China leaves benchmark lending rates unchanged as Beijing signals tolerance for stronger yuan - CNBC
China leaves benchmark lending rates unchanged as Beijing signals tolerance for stronger yuan - CNBC
China Maintains Benchmark Lending Rates Amid Currency Stability Focus
The People’s Bank of China (PBOC) has kept its 1-year and 5-year loan prime rates (LPR) unchanged at 3% and 3.5%, respectively, for a tenth consecutive month in February 2026, signaling a cautious approach to monetary policy amid a slowing economy. The decision reflects Beijing’s prioritization of targeted support for key sectors over broad stimulus, as growth in the final quarter of 2025 slowed to 4.5% year-on-year—the weakest pace since late 2022.
China’s economic challenges persist, with deflationary pressures evident in an 11-quarter negative GDP deflator and retail sales growth hitting a three-year low of 0.9% in December 2025. The property sector remains a drag, with fixed-asset investment declining 3.8% annually in 2025, driven by a deepening housing slump and regulatory efforts to curb local debt risks. Meanwhile, industrial production and exports have held up relatively well, with exports rising 5.5% in 2025 and contributing to a record $1.2 trillion trade surplus.

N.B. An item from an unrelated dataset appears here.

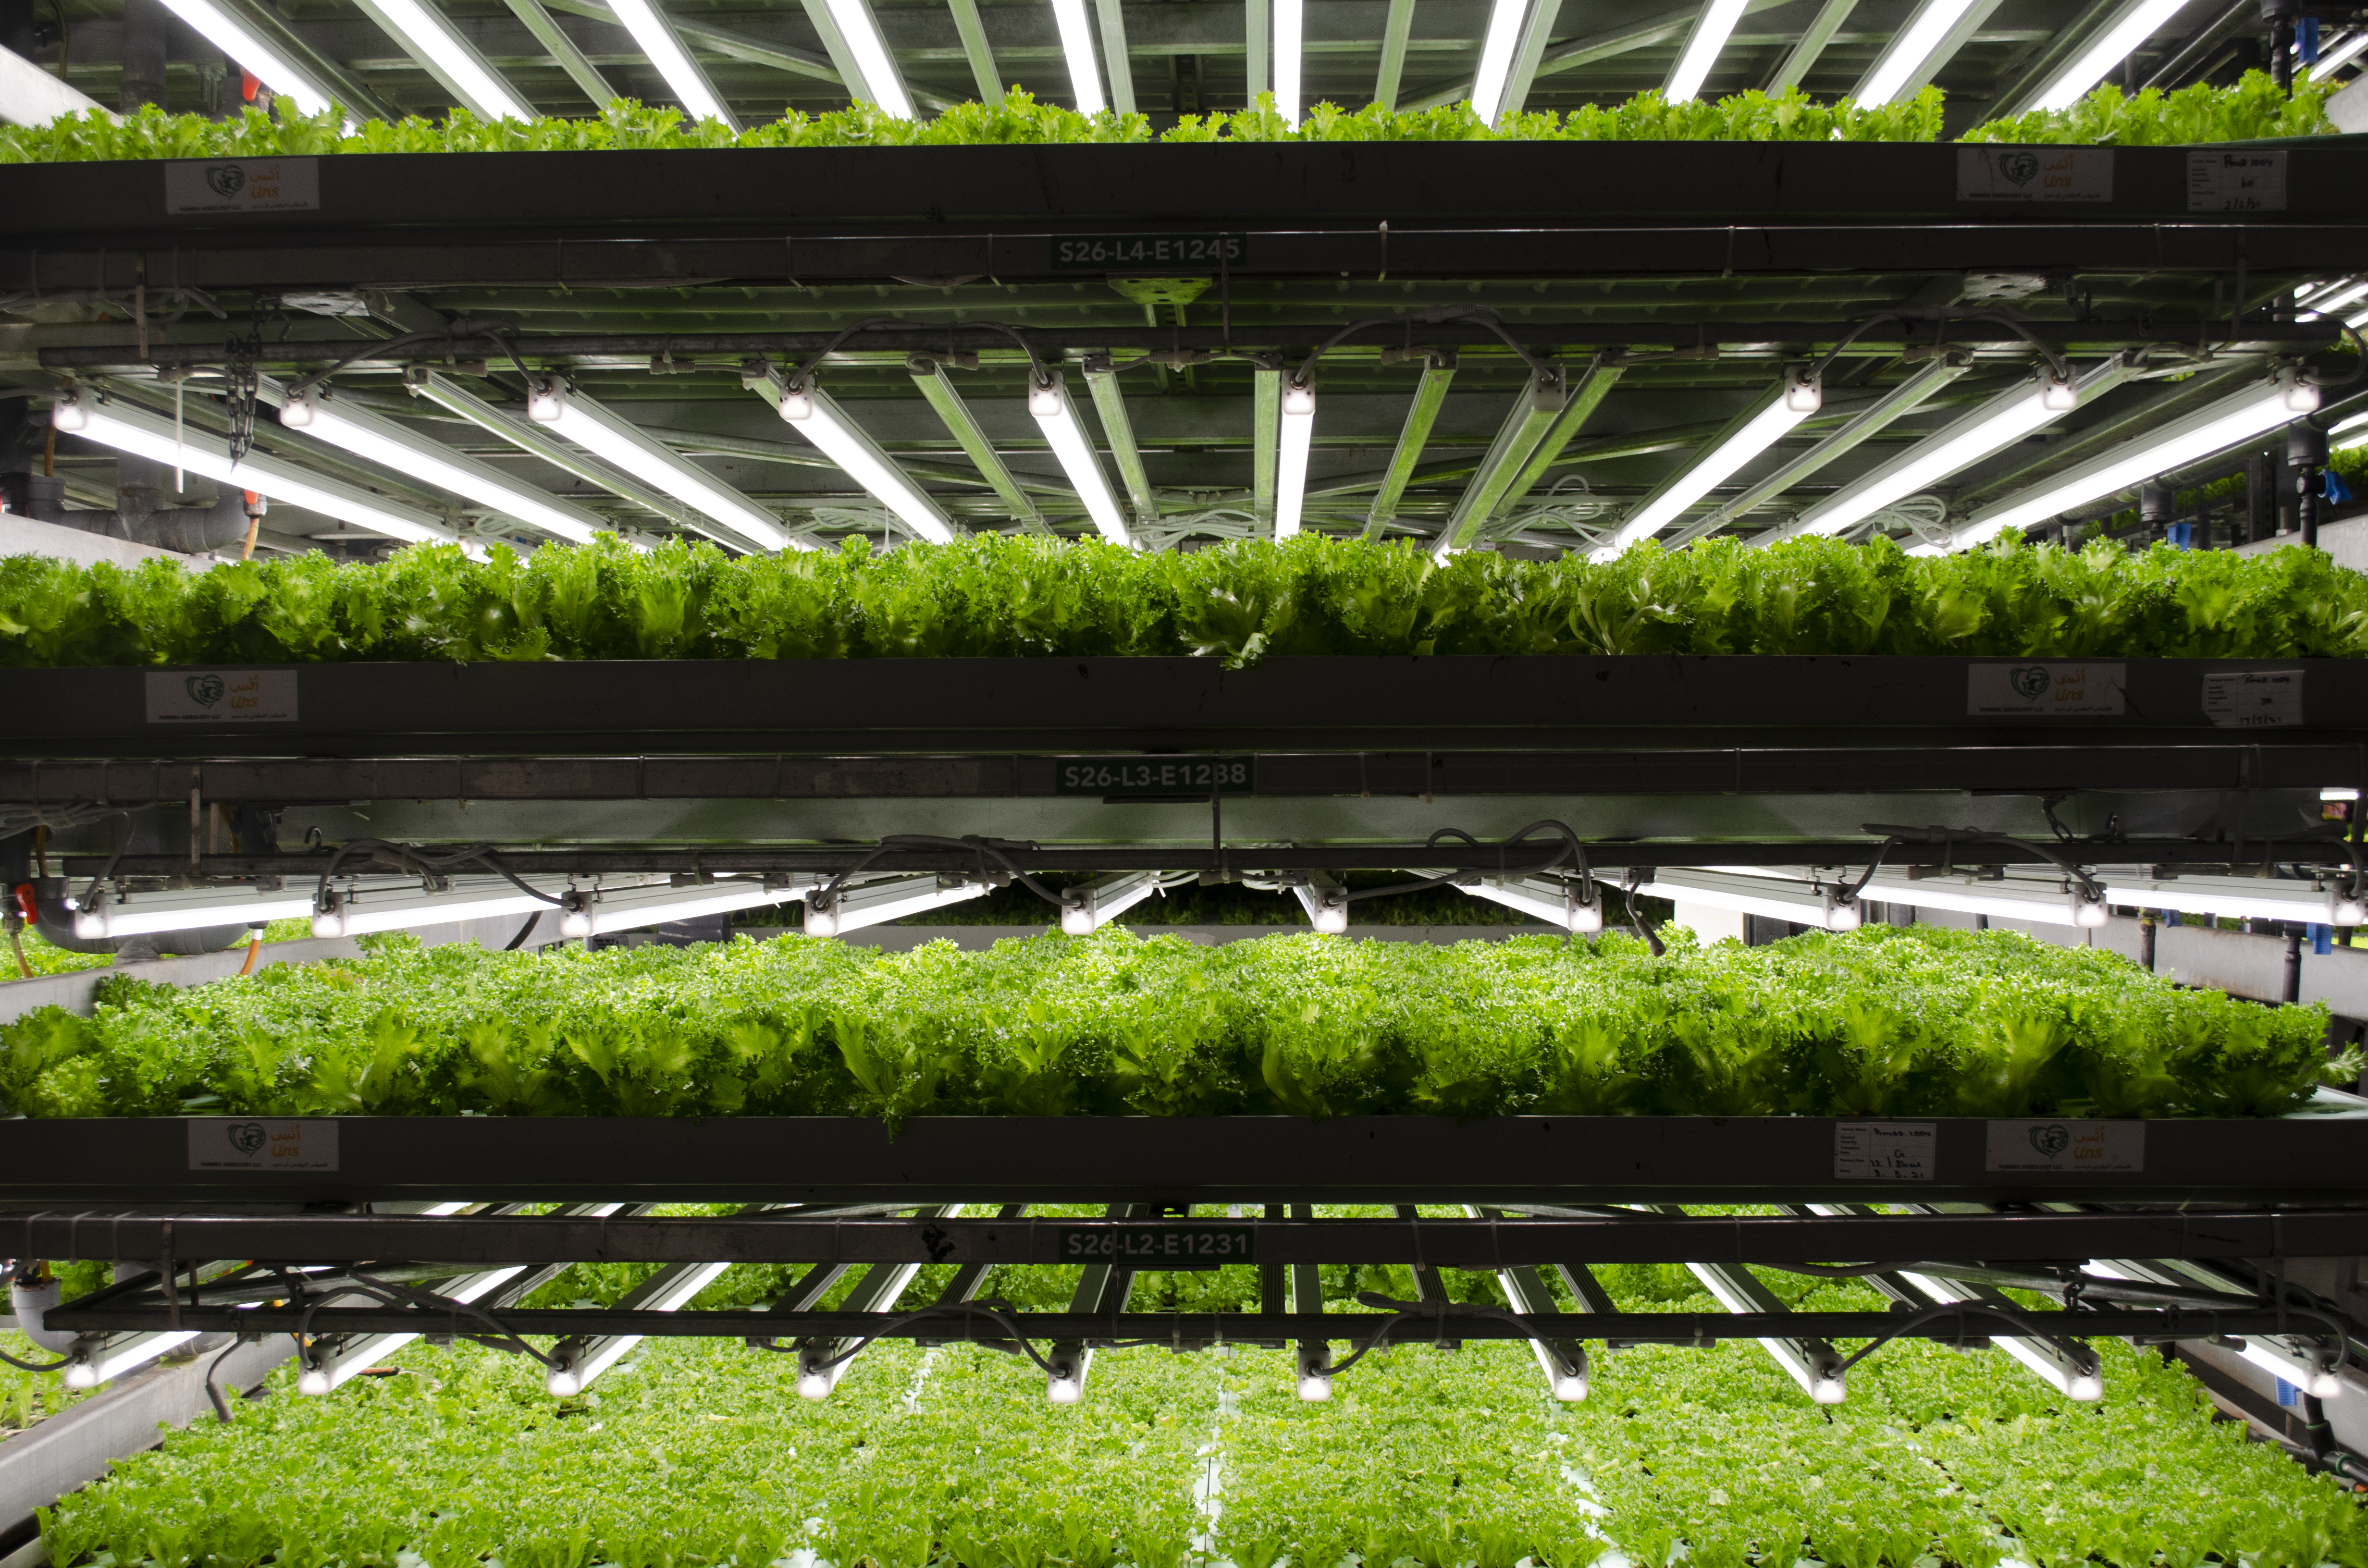 Revolutionizing Agriculture: Hydroponic Farming in Urban Environments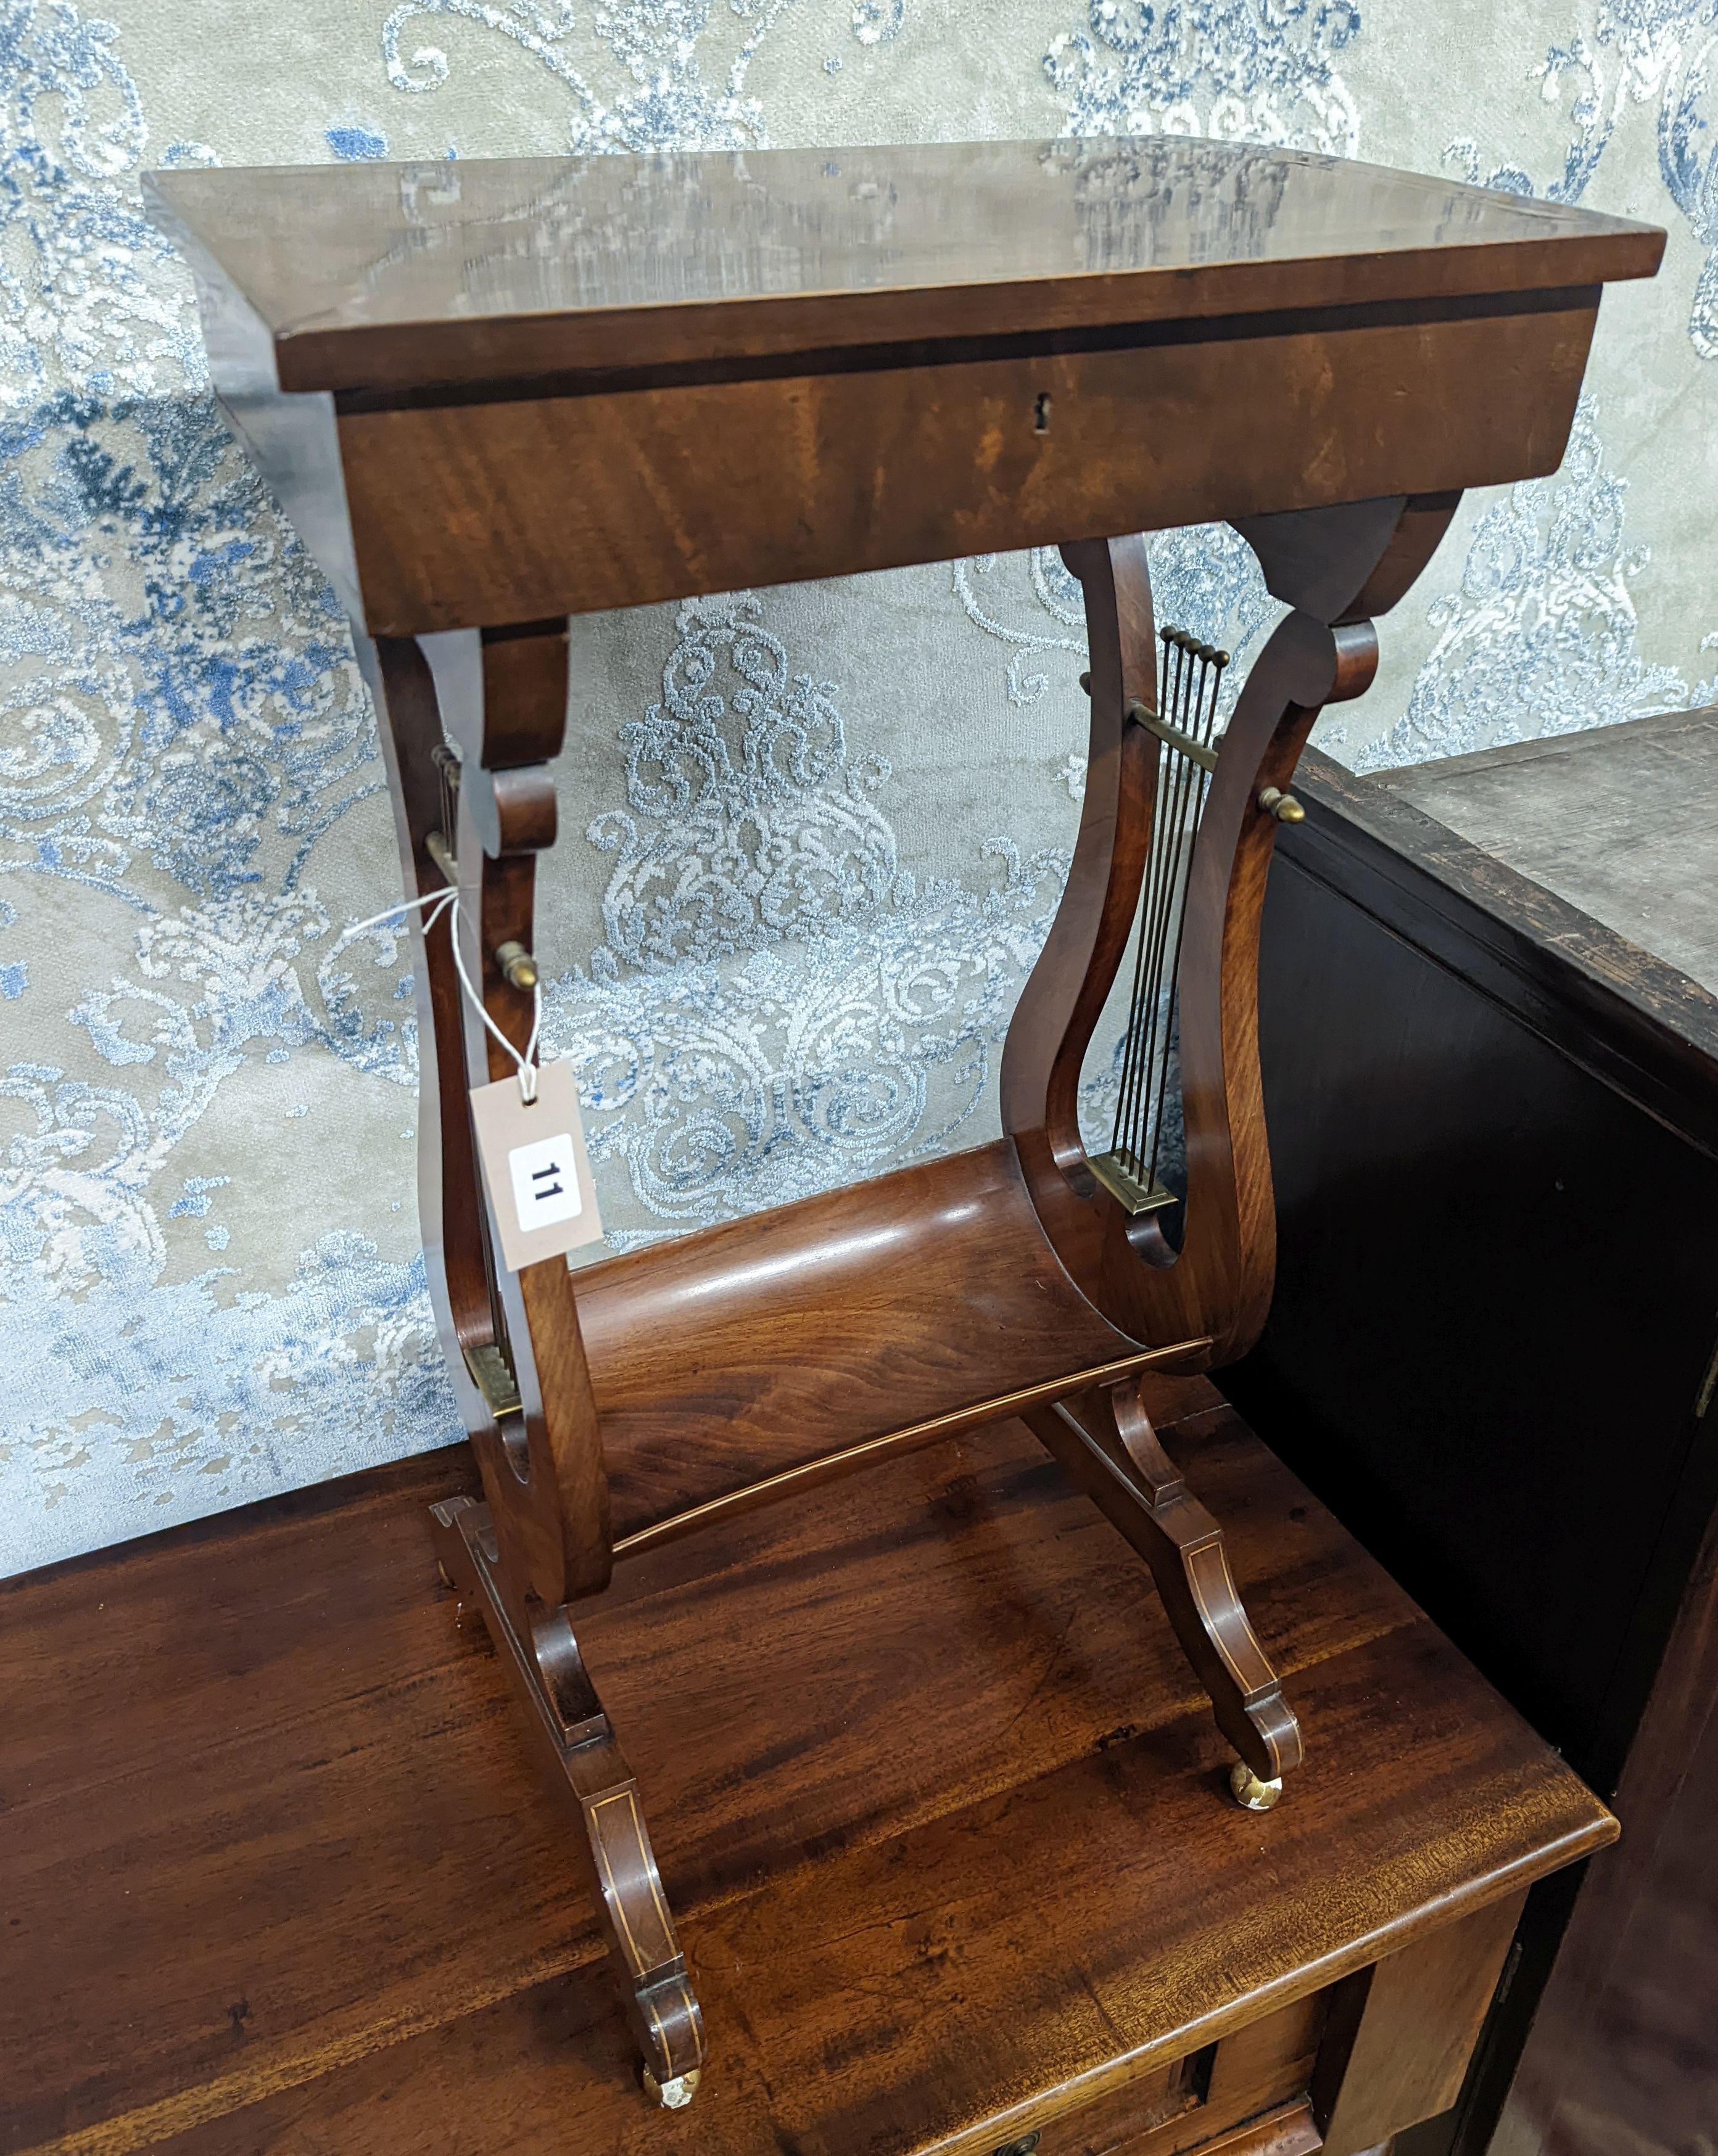 A reproduction Regency style mahogany work table on lyre supports, width 39cm, depth 27cm, height

Amid these dynamics, the PBOC has signaled greater tolerance for a stronger yuan. The central bank recently adjusted its daily yuan fixing rate below the 7.0 level for the first time in nearly three years, allowing the currency to strengthen against the U.S. dollar. This shift aligns with efforts to manage inflation and stabilize imports, though a stronger yuan risks squeezing exporters already grappling with U.S. tariffs and global trade barriers.
To balance growth and stability, the PBOC has introduced targeted measures, including lowering interest rates on structural monetary tools by 0.25 percentage points in January 2026 and expanding relending programs for private firms and tech innovation loans. Economists anticipate further easing, with Goldman Sachs forecasting a 50-basis-point cut in the reserve requirement ratio and a 10-basis-point reduction in policy rates in early 2026.
The PBOC’s strategy underscores a delicate balancing act: supporting a weakening domestic economy while managing currency pressures and external trade tensions. With deflationary risks and weak private-sector demand persisting, the focus remains on calibrated interventions rather than broad monetary stimulus.